The painful history of North Korea and why it wants nuclear weapons
Two North Korean prisoners captured by the 24th Infantry brought in to G 2, Intelligence Division, for interrogation during the Korean War on September 5, 1950 (Picture: Getty Images)
The painful history of North Korea and why it wants nuclear weapons
A painting of US/UN and North Korean soldiers and armistice negotiators in 1953 in the demilitarized zone border town of Panmunjom (Picture: Getty Images)

And that is something that is often missing when we talk about North Korea – the people who live there, trying to get by day-to-day. A burgeoning ‘grey market’ exists in North Korea now – a quasi-capitalist state – in which citizens sell things as part of small capitalist ventures, whilst also working their official state jobs. North Koreans near the Chinese border, for example, will often be seen wearing skinny jeans – despite this technically not being allowed.
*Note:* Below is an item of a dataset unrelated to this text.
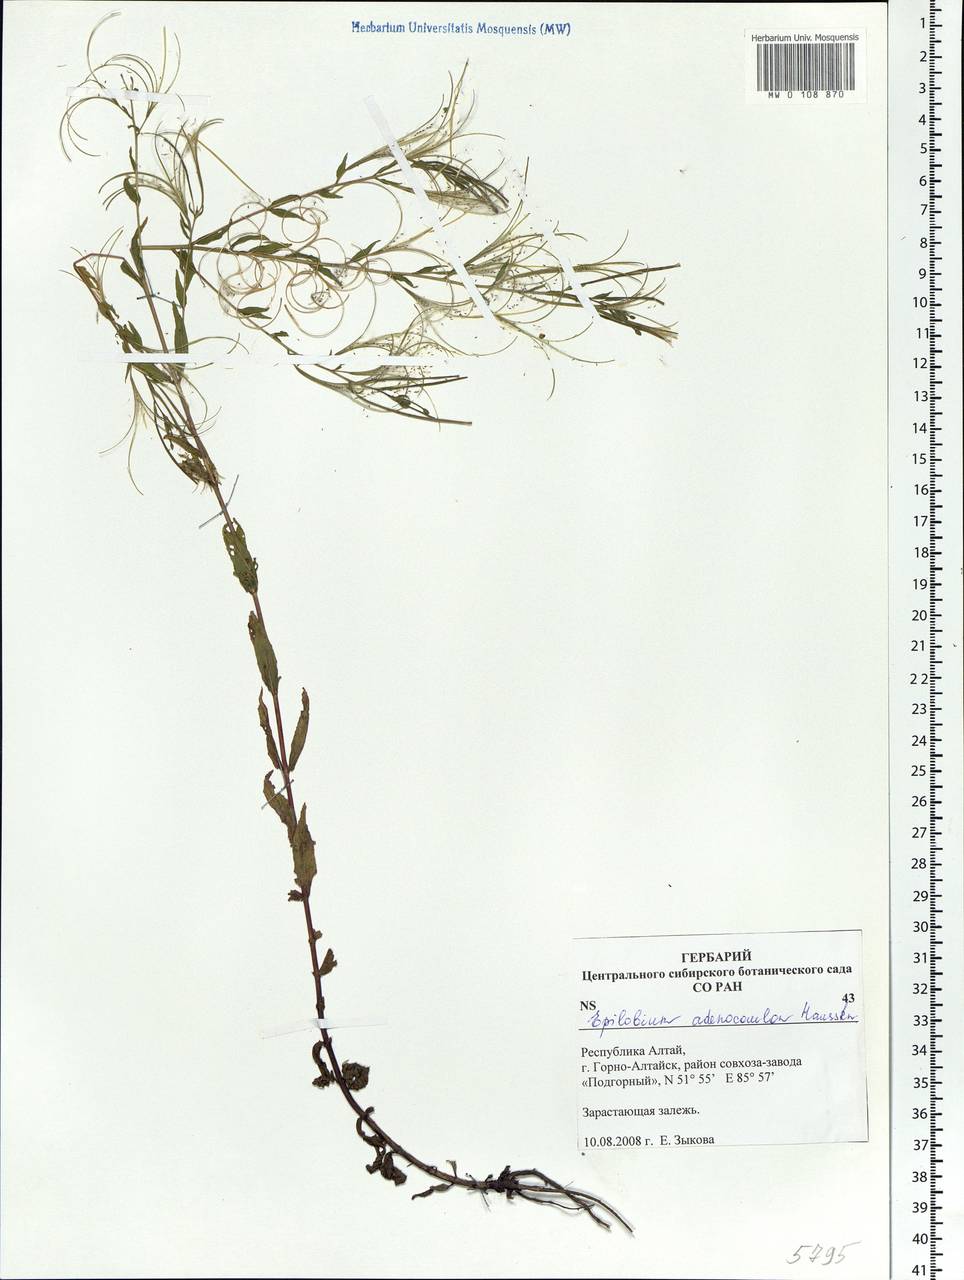 Epilobium ciliatum subsp. ciliatum, Siberia, Altai & Sayany Mountains (S2) (Russia)

Similarly, in Pyongyang many people now own mobile phones. This grey market system is allowed to continue in large part thanks to corruption, particularly among the country’s elite – but it is also the main reason ordinary North Koreans are able to look after themselves and stave off another Arduous March, despite there reportedly being an horrific drought currently hitting the country.

‘People tend to be focused on this idea that North Korean citizens are robots, that they’re brainwashed Kim Il-sung worshippers,’ Dr Alsford said. ‘What happens when we do that is that we tend to strip those people of their own agency.

‘Of course there are people who are victims of the state security apparatus, and I’m in no way making the claim that they’re not – but when you talk about North Koreans, the chief concern of every North Korean is to make money, raise their children, and have a little leisure time. And increasingly, many are able to do this under the umbrella of the state.’